• ABOUT THIS EXERCISE:
The copy has to match the data exactly and leave out every picture.

• DATA PROVIDED:
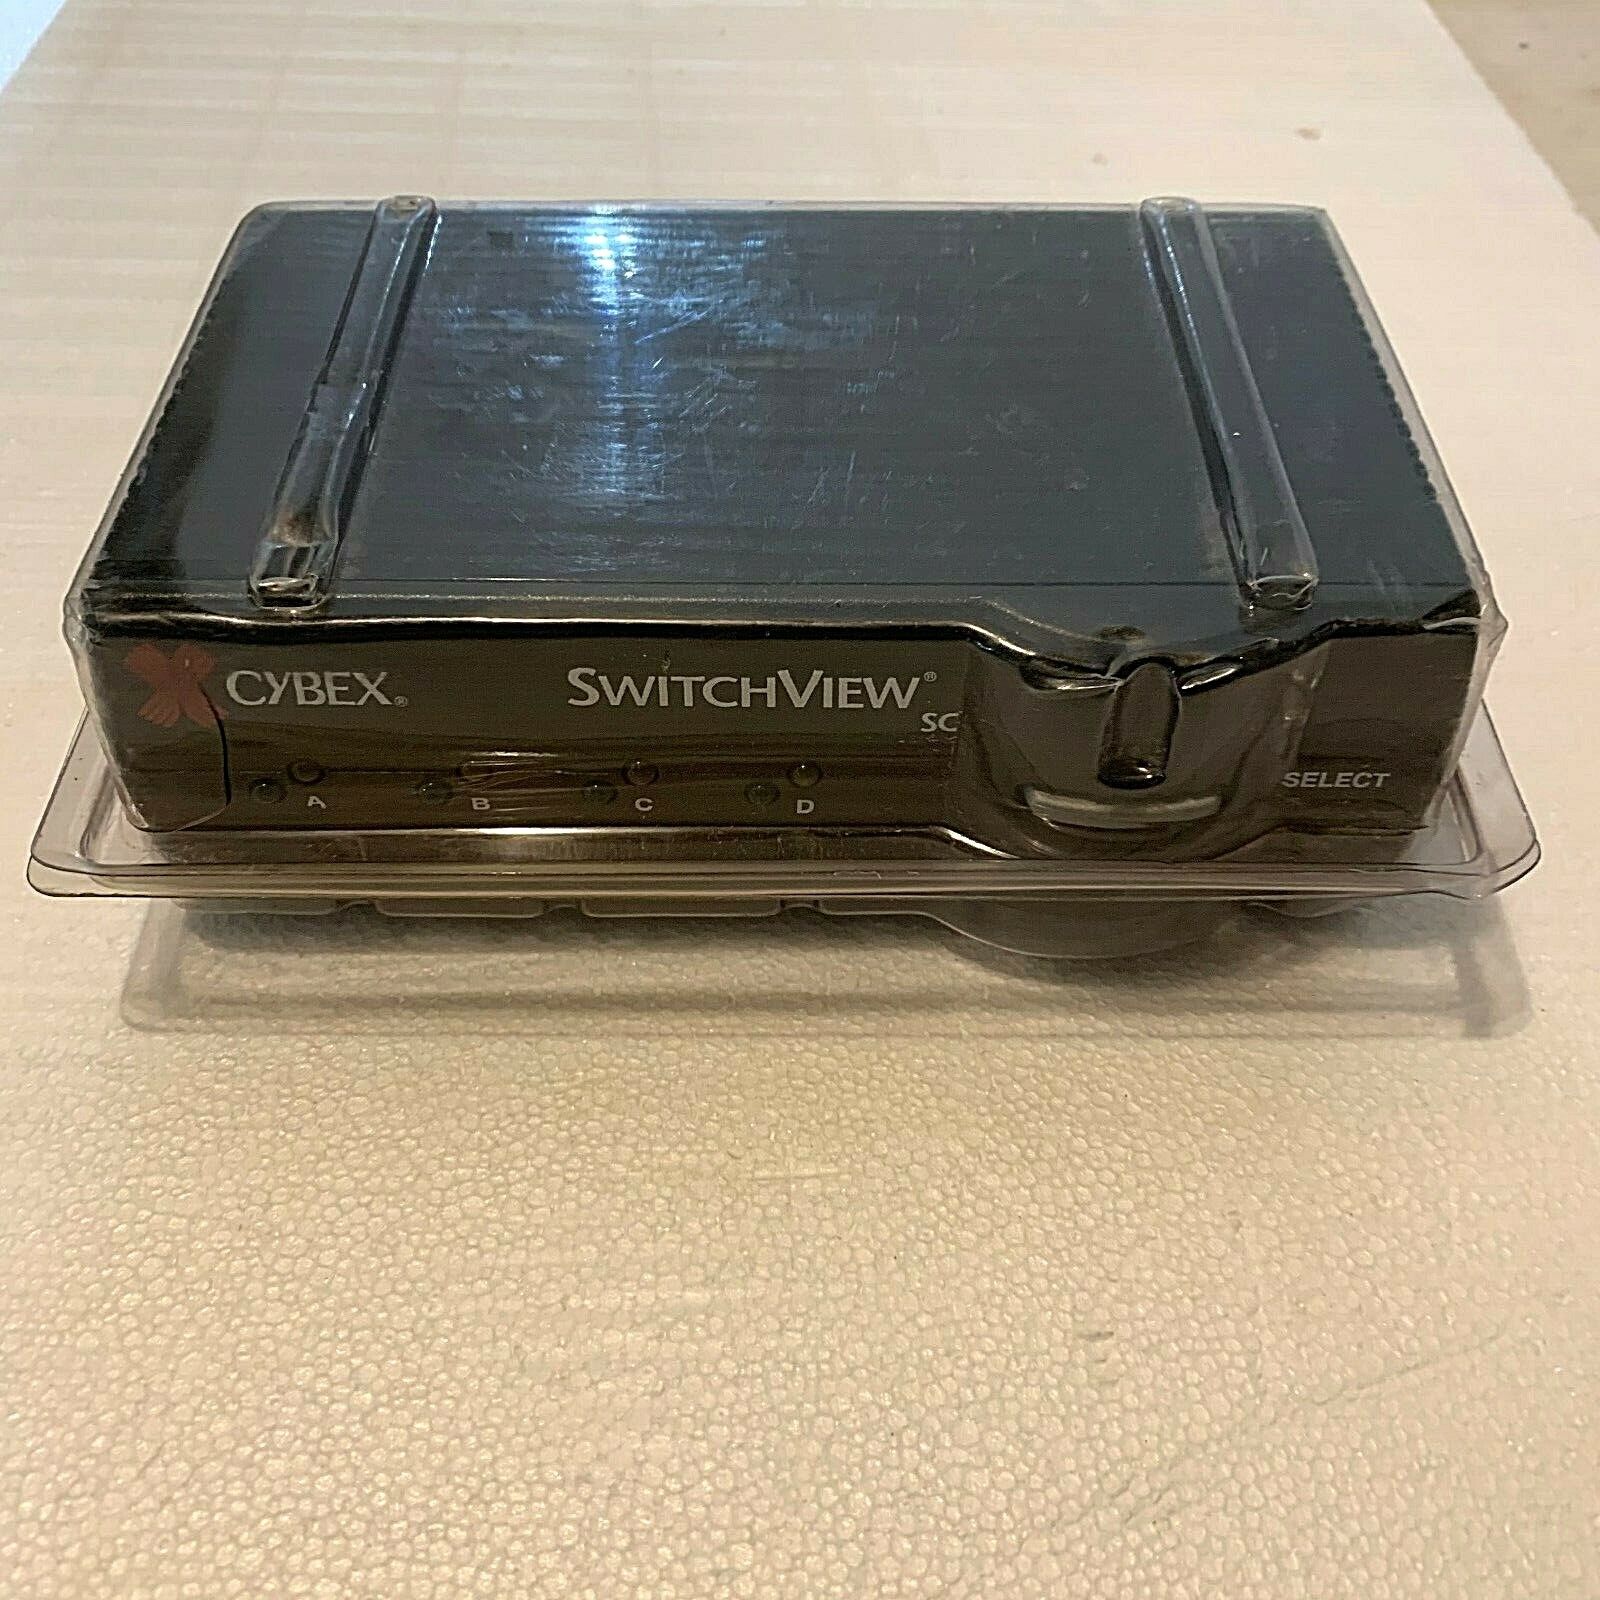 NEW CYBEX SWITCHVIEW SC  520-147-505 Black 4 port Computer Kvm Switch Box
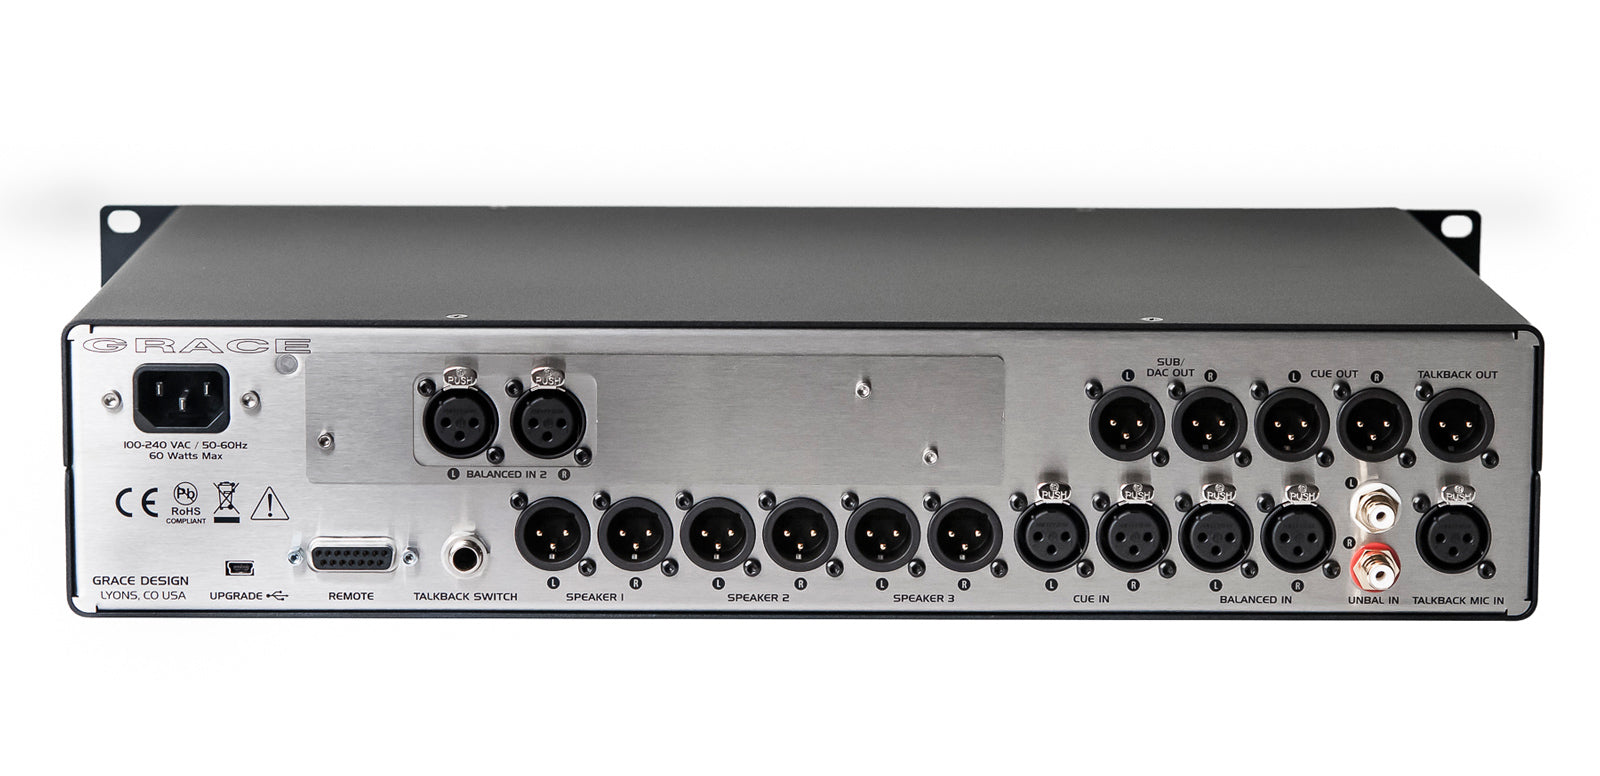 Grace Design m905 high fidelity stereo monitor system-Analog Version
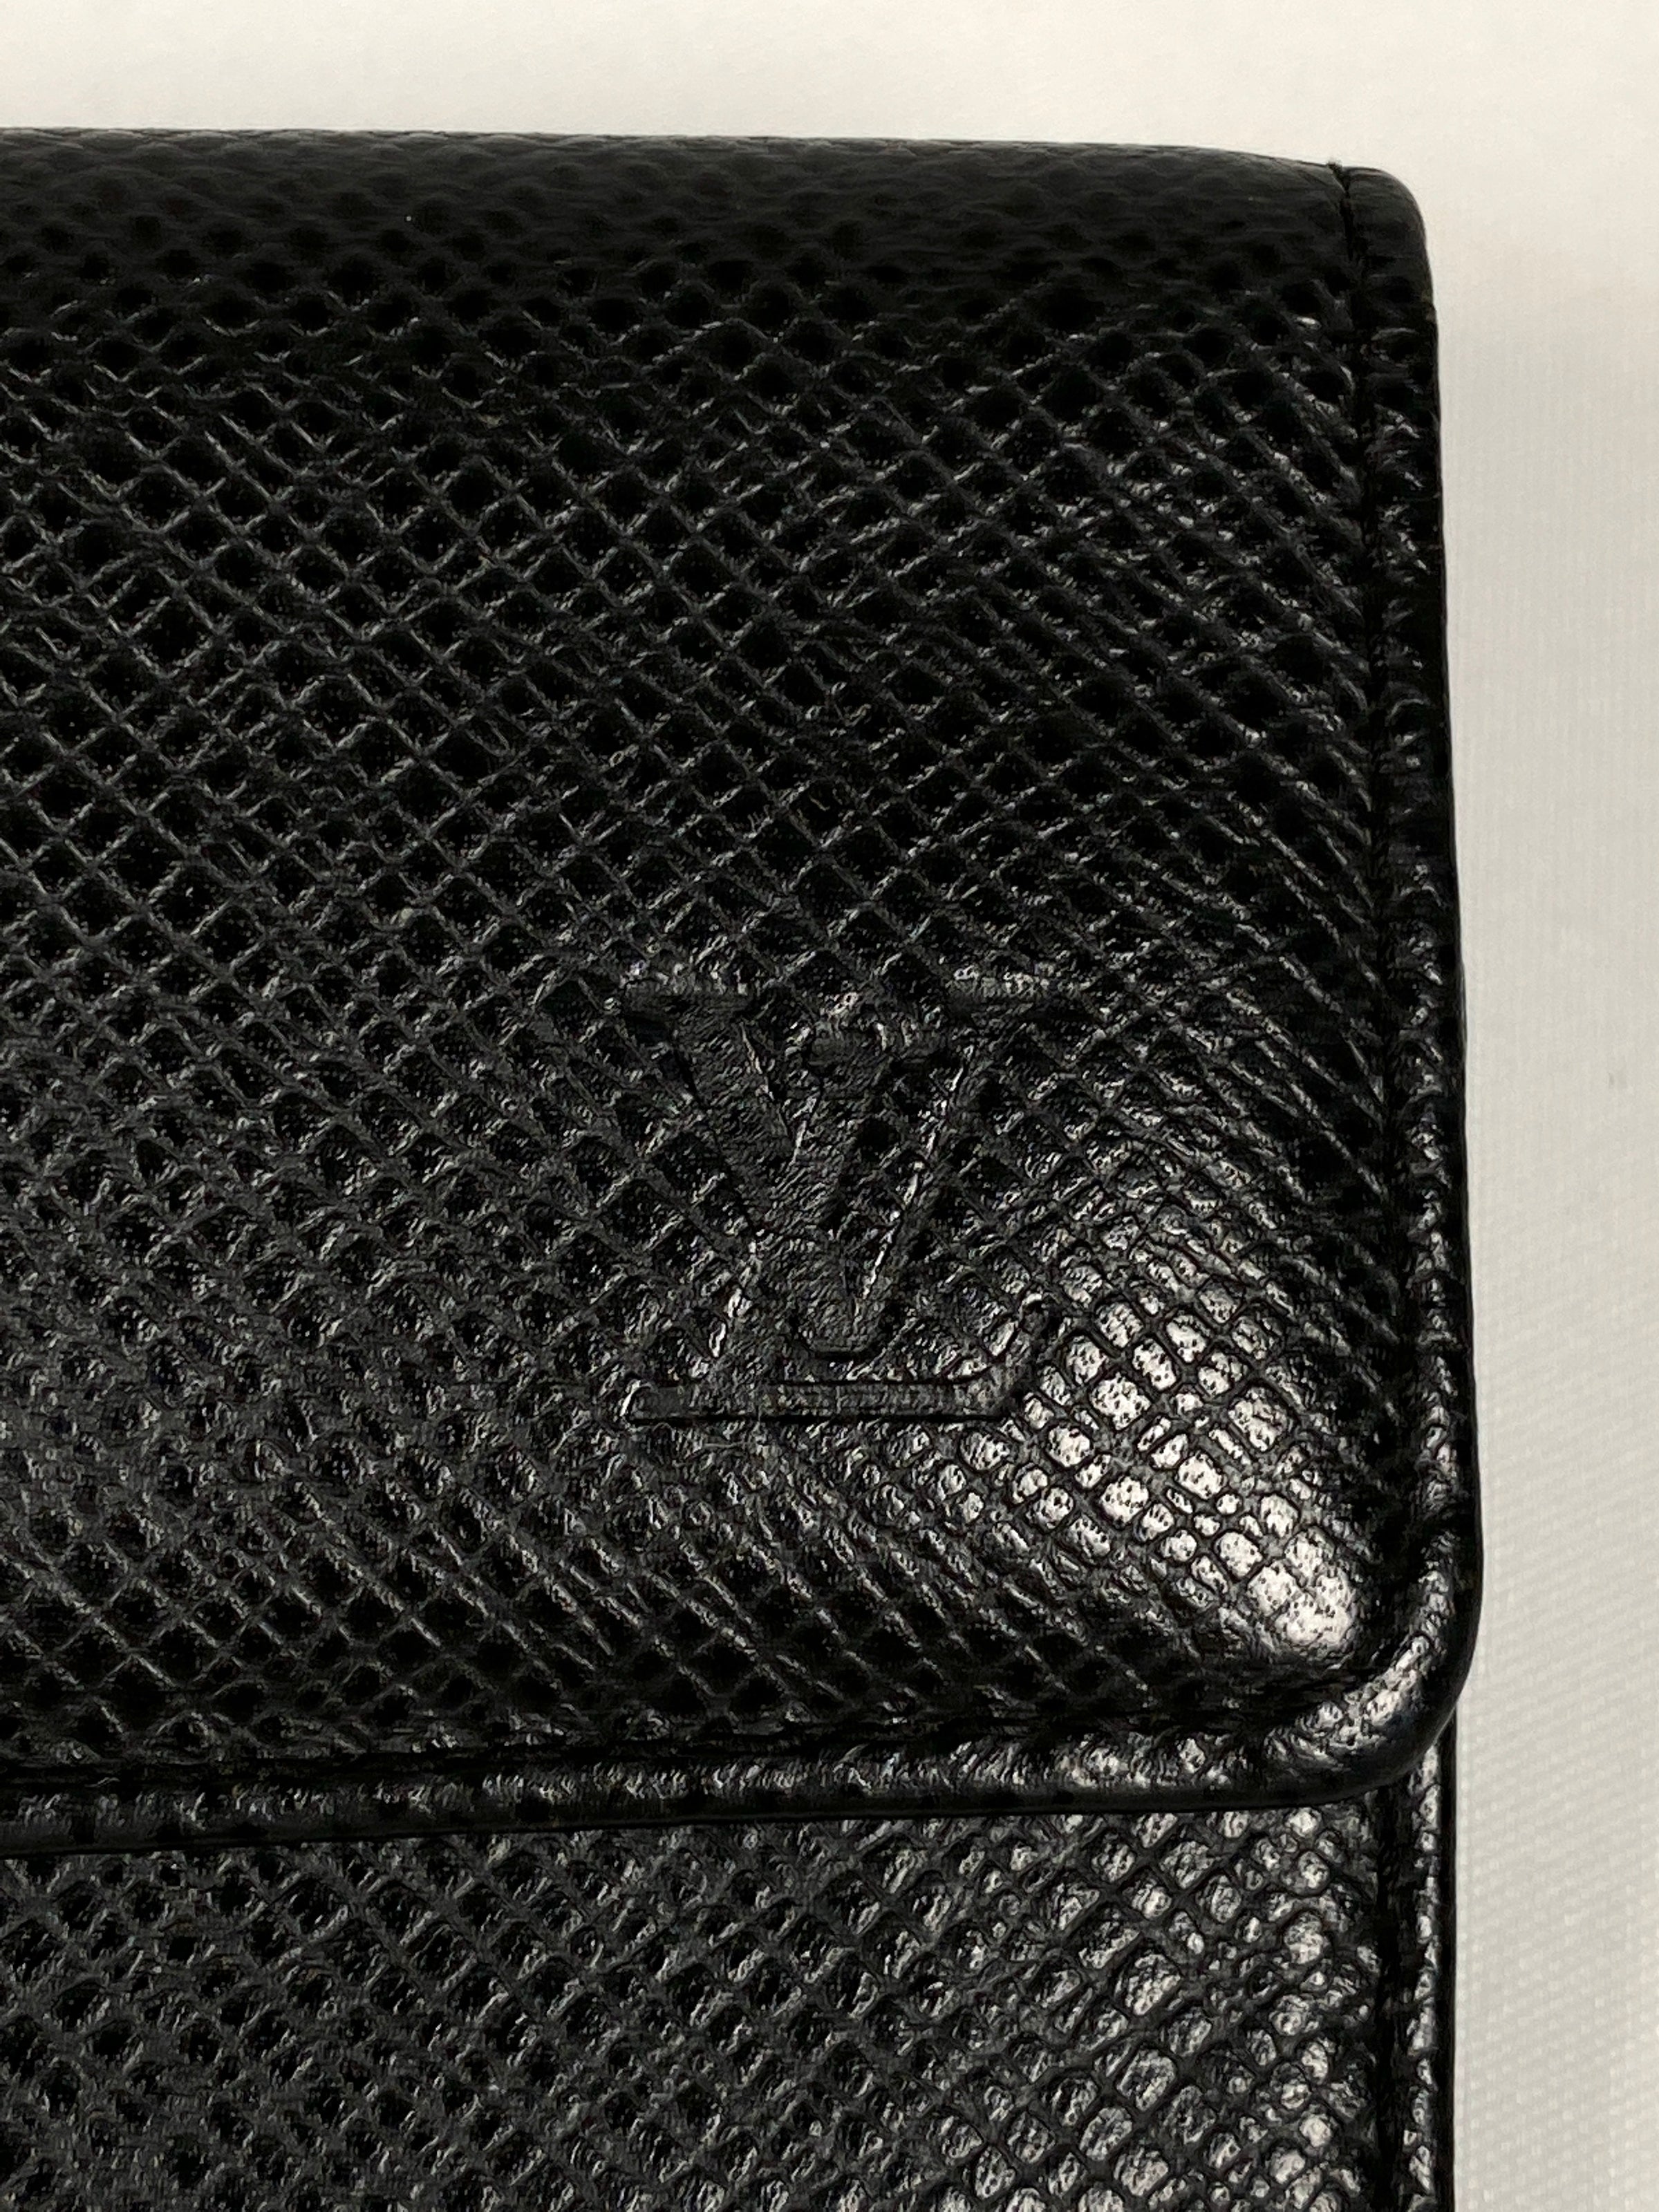 Louis Vuitton Taiga Multicles Key Holder 17LR0621

• RESPONSE:
 NEW CYBEX SWITCHVIEW SC  520-147-505 Black 4 port Computer Kvm Switch Box
 Grace Design m905 high fidelity stereo monitor system-Analog Version
 Louis Vuitton Taiga Multicles Key Holder 17LR0621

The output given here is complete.